61.7% of British adults are overweight. Specifically 65% all men and 58% of all women. It's now normal to be out of shape....

 

In England, the prevalence of obesity in adults has risen from 15% to 27% in just 11 years. 

 

This combined with a 72% employment rate (the joint highest since records began in 1971), AND  23.1 million of these people working Full Time, means more and more time is being spent sat on our asses!

 

This isn't a workout plan, nor a nutrition guide - This is 5 easy tips to avoid office, or classroom, weight gain.

 

 

 

1. STOP EATING!

Just stop it. We are surrounded my coffee shop treats, cakes from someones birthday, cans of sugar and sweets from the guy sitting next to you... Does "Just one more" ring a bell? With around 70 calories per biscuit and 140 in a can of fizz, that's a whole lb of fat you've packed on in just 17 days. 

 

Yes you may substitute for healthier alternatives, but excess calories is excess calories. Stick to your meals and save your treats for the weekend What's more important, the biscuit you've wanted for 5 minutes or the body you've wanted for a life time? #cringe

 

 

 

2. GET UP

The laws of thermogenesis state in order to gain weight input must be greater than output. So we've got to ensure that we expend more calories than we eat. Of course your TDEE (total daily energy expenditure) can be around 1800-2400 calories just by living, breathing, talking and ironically processing more food, however we can increase this output by moving. Every bit of movement burns calories.

 

I'm not saying go for a run at lunch, but get up and move every hour. Go for a 15 minute walk between lectures, over the course of a week this adds up!

 

 

 

3. MEAL PREP

No, not 2KG's of chicken and 10 tubs of brown rice. However, take your food in with you when possible. This way you know exactly what you're eating, you'll save money and it reverts ownership to you. Take control of what you put in your body. Think chicken wraps with low fat mayo, salads, burrito bowls (with lean meat), or even push the boat out with chicken and rice.

 

Canteen food is usually ridden with oil and fats. Every 1 gram of fat has 9 calories as opposed to carbohydrates with a mild 4. 

 

 

 

4. SUBSTITUES

Of course, we like crap food and sometimes it's the only thing accessible. Healthier substitutes are usually available and they definitely help preserve excess and unnecessary caloric intake.

 

Crips - Baked alternatives/ Skinny Popcorn (100 calories saved)

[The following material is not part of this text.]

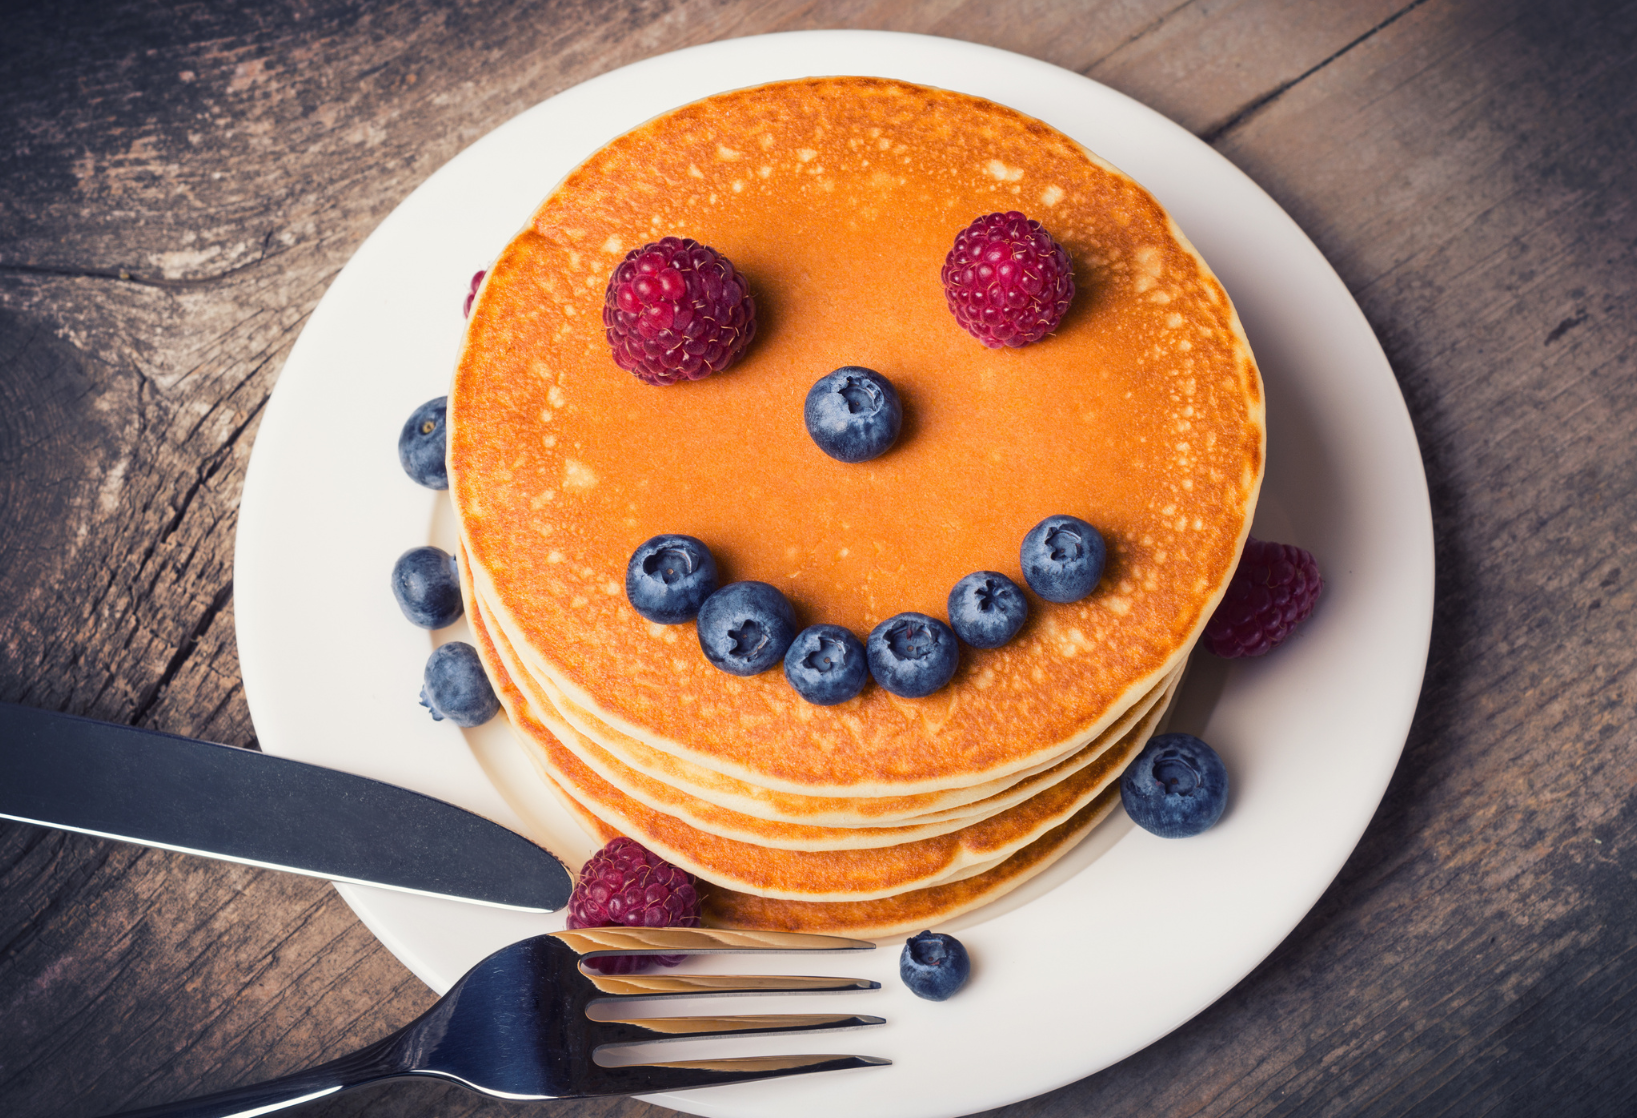 Stack of pancakes with a face made of fruit.

Chocolate - Go for smaller bars/Maltesers (50-75 calories saved)

Fizzy Pop - Diet  (140 calories saved)

Coffee/Tea - Avoid latte's and cappuccinos and stick to water based, also use sweeteners (100-200 calories saved)

 

The NHS have published a pretty good Healthy food swap list

 

 

 

5. STAY HYDRATED

Over half your body is made of water and it is therefore essential for mental and physical performance. Being dehydrated can add to tiredness, poor skin, fatigue, lack of concentration and the illusion of hunger. 

 

Most of the time you think you're hungry, you're just thirsty. Make sure that before you eat, you chug some water just to really make sure that the calories you're about to consume, you actually need.

 

 

 

And there you have it! Just some easy, life-hacks you can adopt to help get your fitness lifestyle back on track!